手を伸ばして、その身に触れたいと思う、引き裂いて傷つけたいとも願う。
愛しいとおもうと同時に、壊したい、とも願うのだ。
たしかに最初その感情をあらわにキスをしたとき、ゆあは不安げに恢都を見た。
そうして呼んだのだ、恢都、と。
『恢都』
「恢都」
記憶の中でダブった声に、恢都は一瞬にして現実に戻される。
「追い出さないで。怖くないよ、ゆあは……」
「ゆあ」
ゆあの細い手が恢都の胸を通り、背中へと回される。
密着した体からはゆあの甘い匂いが鼻につく。
「恢都」
「ゆあ、離せ」
「意気地なしの振りなんて、しないで」
引き金を引いたのは、ゆあだ。
確かに溜まっていた劣情はそのまま衝動となり、ゆあの腕を乱暴に握ると引き寄せて口付けをした。

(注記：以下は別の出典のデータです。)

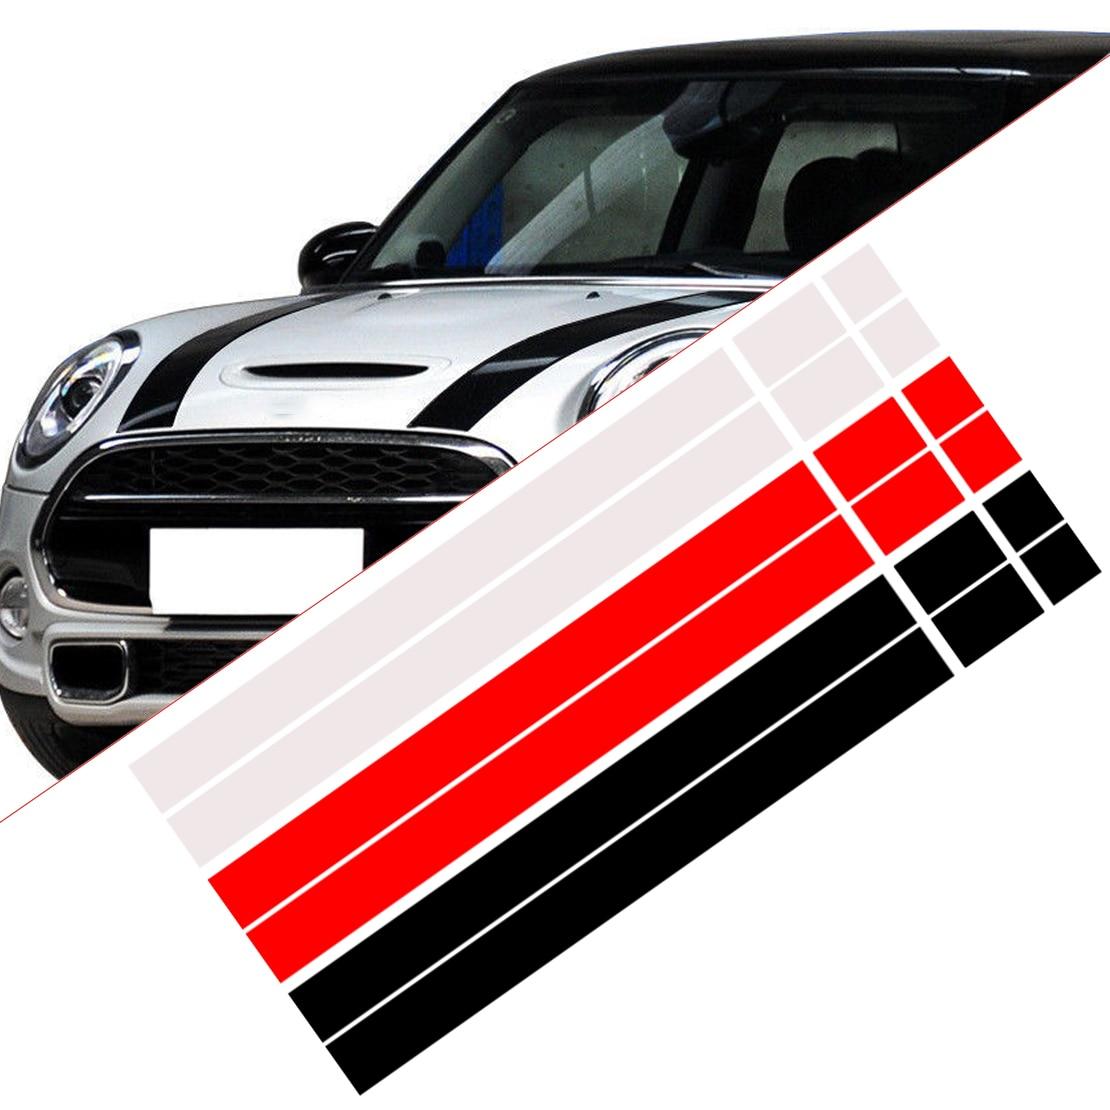 Beler 2 uds vinilo Bonnet rayas Hood pegatina calcomanía apta para MINI Cooper R50 R53 R56 R55 dWm2754536 negro/blanco/rojo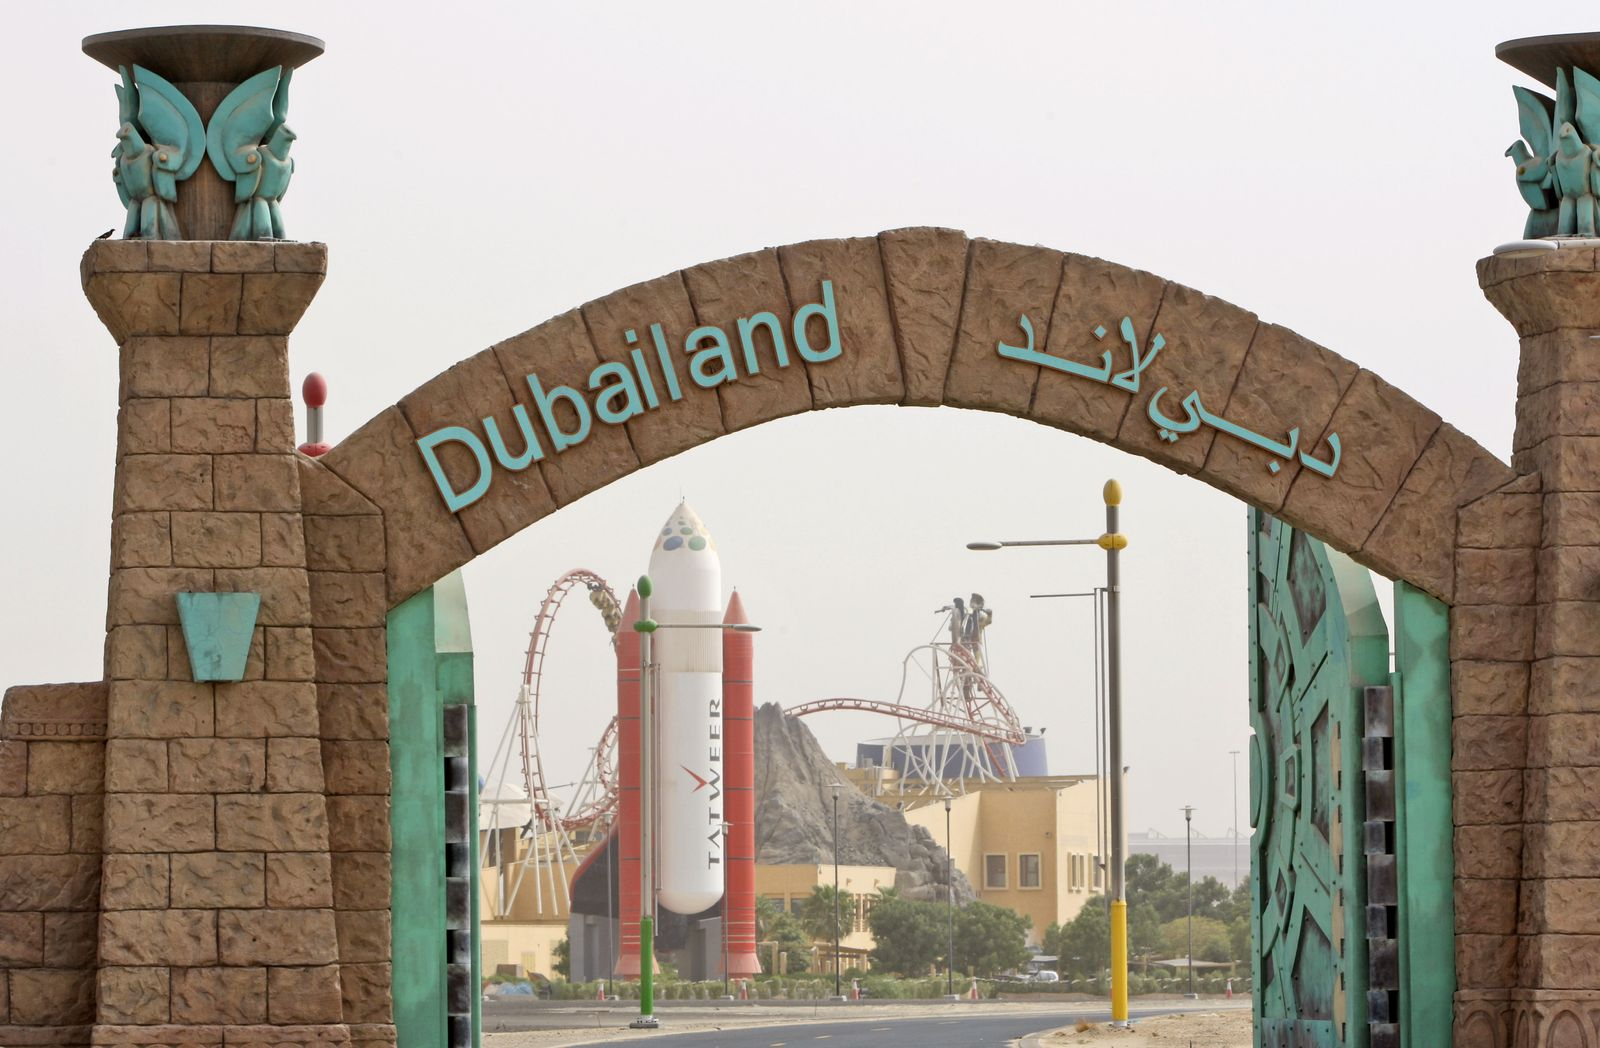 Dubailand Dreaming

噛み付くように舌を絡まらせるとゆあが苦しそうに喘いだ。
だがそれすらも目に入らずに、床へと押し付ける。
拒絶も、何もいえないように長い口付けを施す。
時折唇を離しながら、一枚一枚ゆあを覆っている衣服を剥ぎ取っていく。
ゆあの白い手が同じように恢都のシャツに手をかける。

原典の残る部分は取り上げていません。